# Mangrove Jack blonde lager kit yeast



## bradmccoy (21/12/14)

Anyone know what kind of yeast they throw in the Mangrove Jack blonde lager kit? I assume it's actually an ale yeast?


----------



## BrosysBrews (21/12/14)

I belive all MJ products other then the craft series come with a generic ale yeast, they specify the yeast on the website for craft series boxes (West Coast/Burton etc)


----------



## bradmccoy (21/12/14)

I got this one: http://mangrovejacks.com/products/traditional-series-blonde-lager I assume is the ale yeast then?
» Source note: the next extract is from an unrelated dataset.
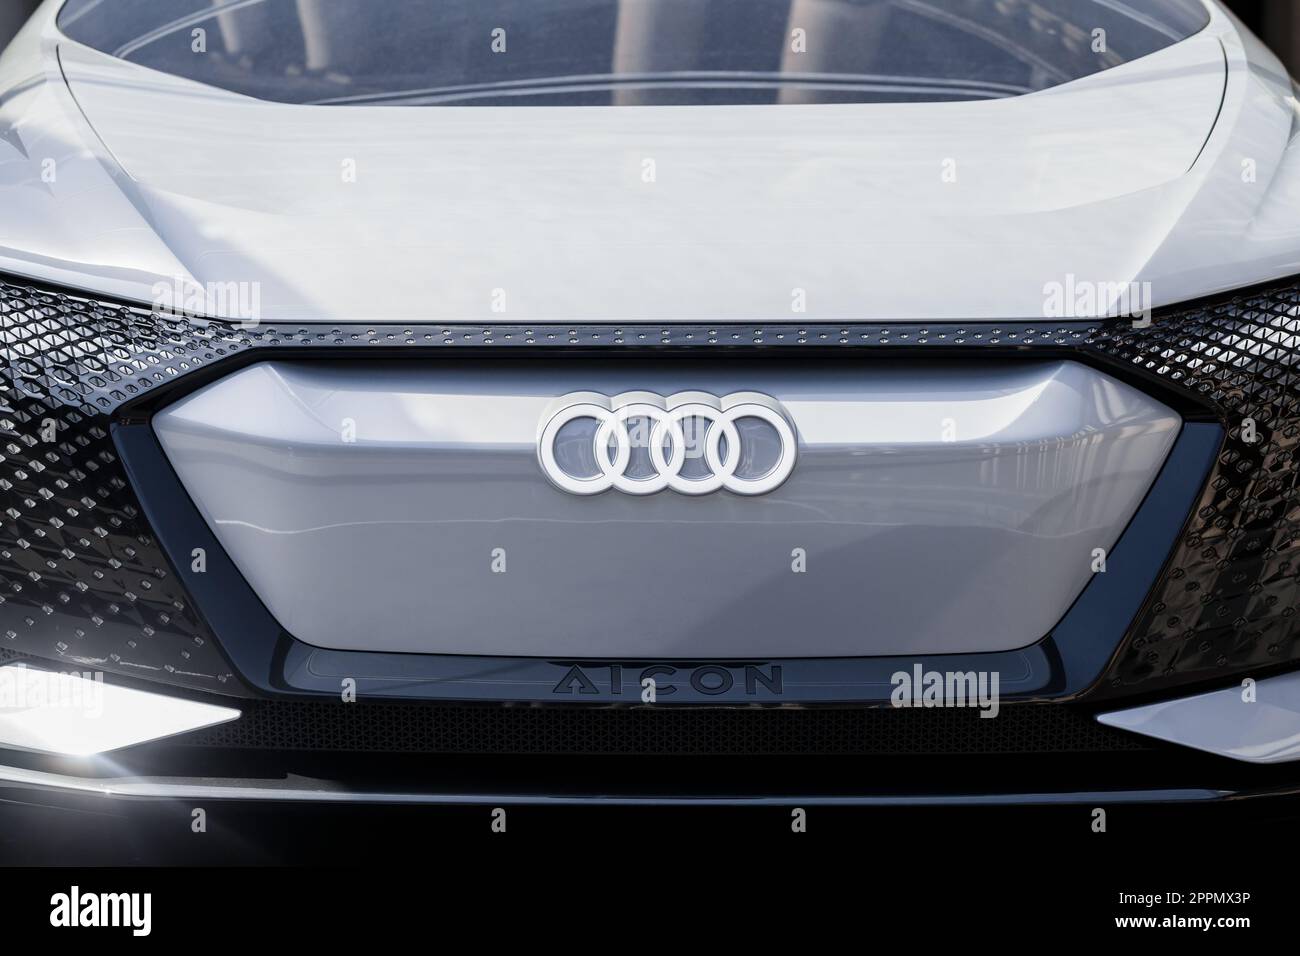 MILAN, ITALY - APRIL 16 2018: Audi city lab. Front view of a white Audi Aicon concept car, self-driving luxury sedan with electric propulsion scheme. Stock Photo
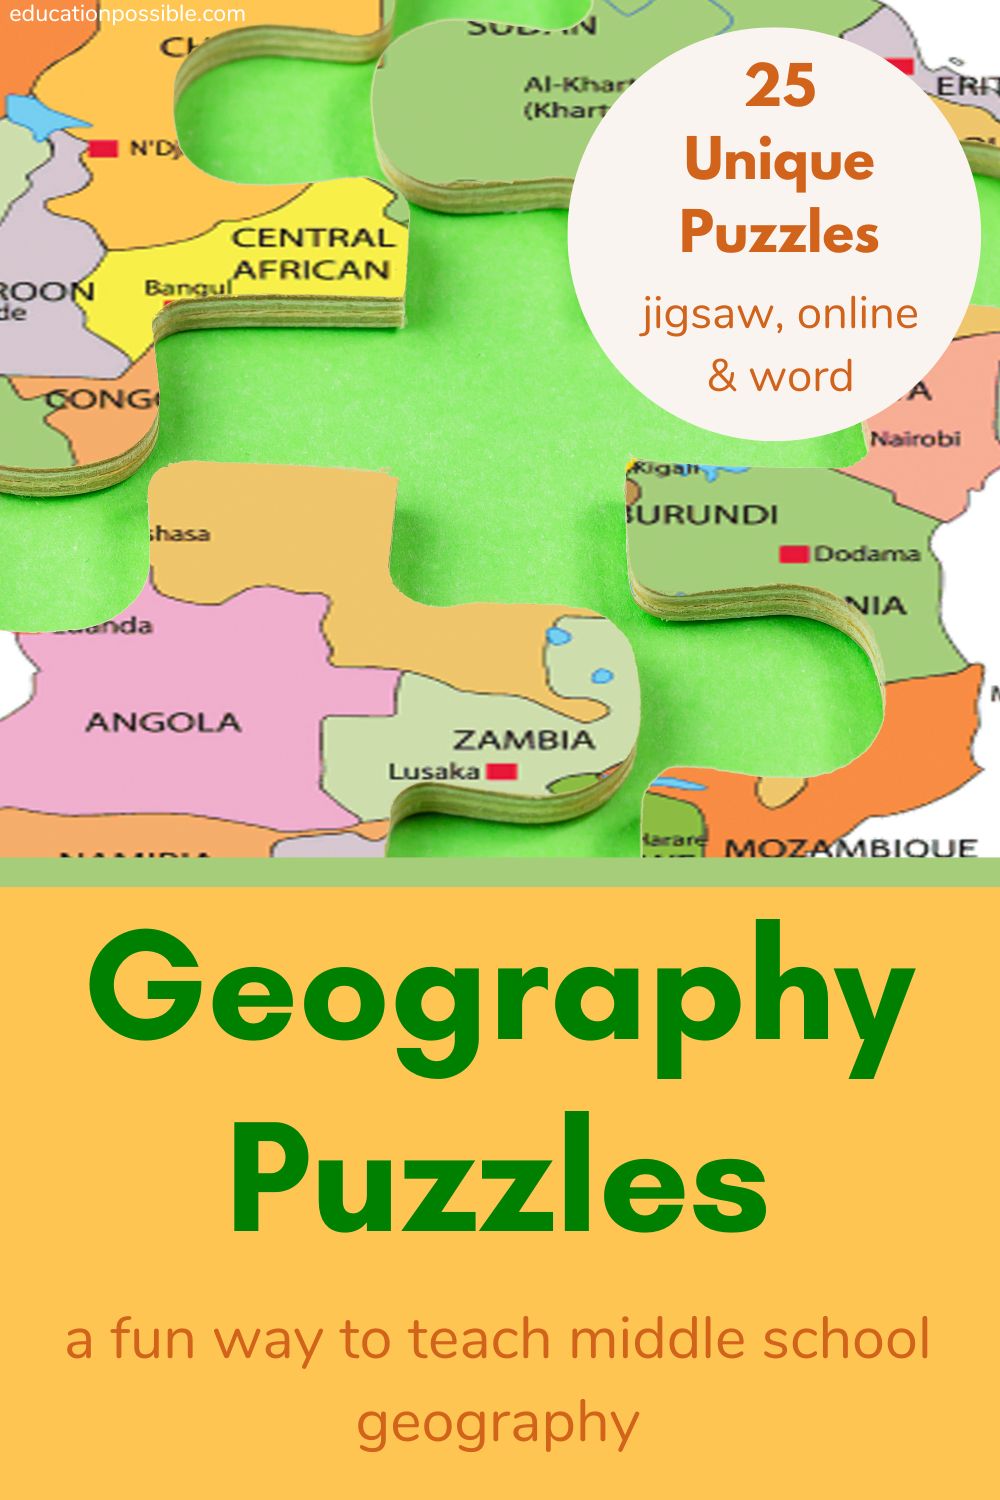 4 pieces of a African map jigsaw puzzle lined up to put together, sitting on a lime green background

Anyone know exactly what it is?


----------



## superstock (21/12/14)

The recommended ferment temp will give you a clue. 18 & up = ale. 15 & down = lager.


----------



## BrosysBrews (21/12/14)

Couldn't tell you but I used this kit for one of my better k&k batch, used with brew blend #20 us-05 and 25g Galaxy, was one of my better extracts


----------



## bradmccoy (21/12/14)

Good to hear. I've pumped it up with kg of light malt extract and will dry hop the crap out of it. Fingers crossed.


----------



## HBHB (21/12/14)

The ever reliable Maui yeast.


----------